The article explores the concept of endogamy from the viewpoint of boundary construction in social anthropology. The author summarizes scholarly accounts of endogamy that conceptualize endogamy in terms of ethnicity race, locality, or language.
She argues that to determine an endogamous group, we should proceed from the actors' point of view and ask what criteria the actors themselves consider as culturally meaningful. On the example of marriages of Czech- and Slovak-speaking Protestants in the Bulgarian village of Voyvodovo in 1900-1950 the author shows what these marriages and the actors' perspective reveal about the character of the us/them boundary.
The data are based on a long-term anthropological fieldwork using mainly participant observation, interviews and the genealogical method, along with the analysis of the local parish registers for the period 1900-1950. The inhabitants of the village that has been habitually represented a "compatriot village" in the scholarly literature, are depicted as constituting their identity more on religion than on shared ethnicity.

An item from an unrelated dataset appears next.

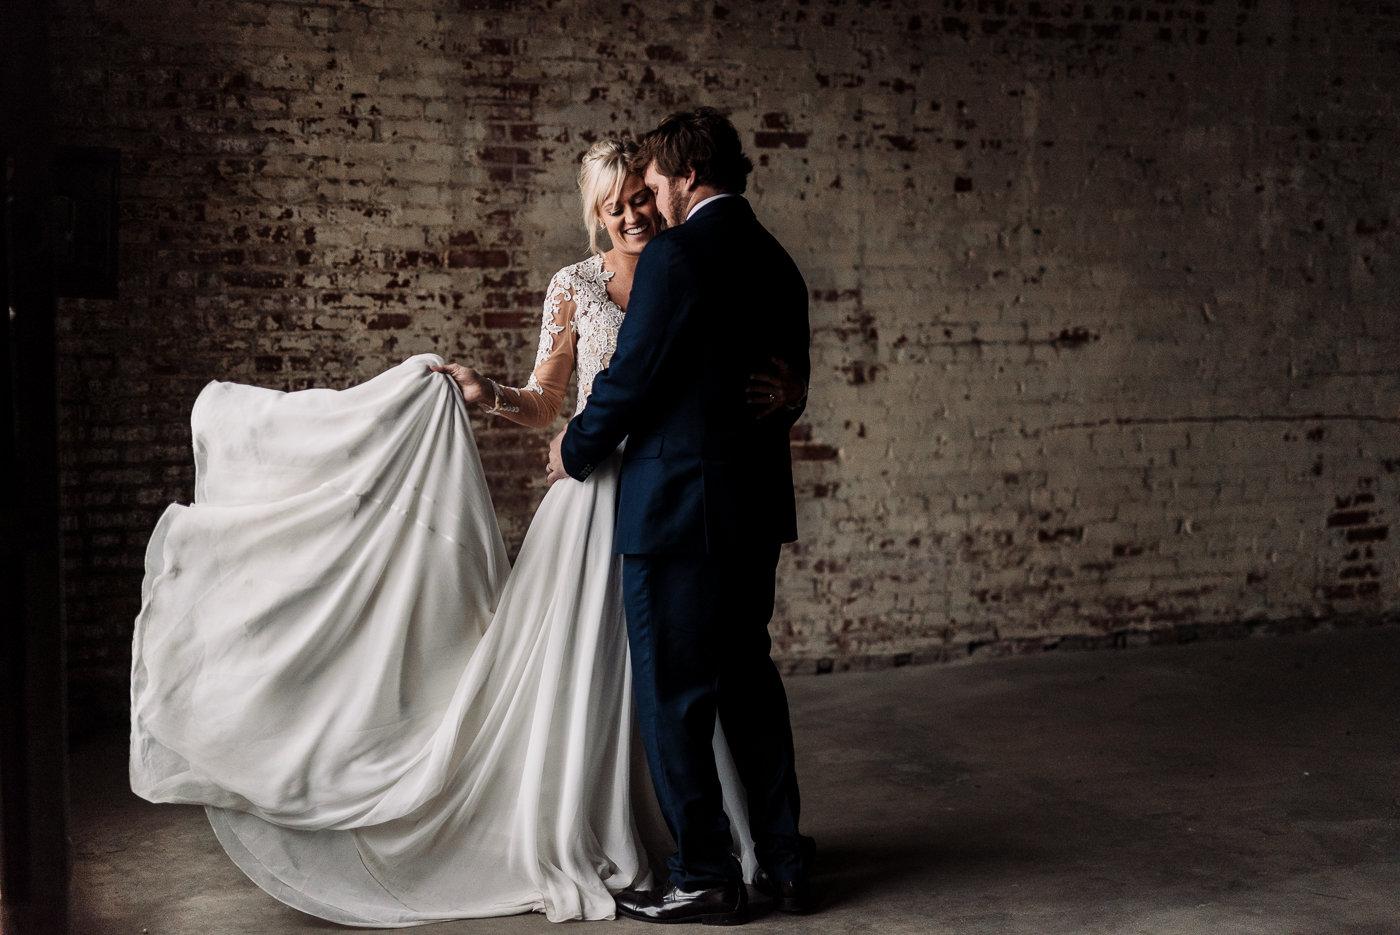 Prescott Bridal | Oklahoma City Wedding Dresses and Gowns - Winter Wedding Styled Shoot

The results of the research suggest that the villagers preferred people of the same religion as marriage partners, without any regard to their ethnicity or language. The author argues that the study of marriage rules should follow the same principles anthropologists have widely applied to the study of ethnicity: i.e. to focus on the differences people consider to be significant in constructing the boundaries between groups rather than to assume objective criteria delimiting endogamous groups.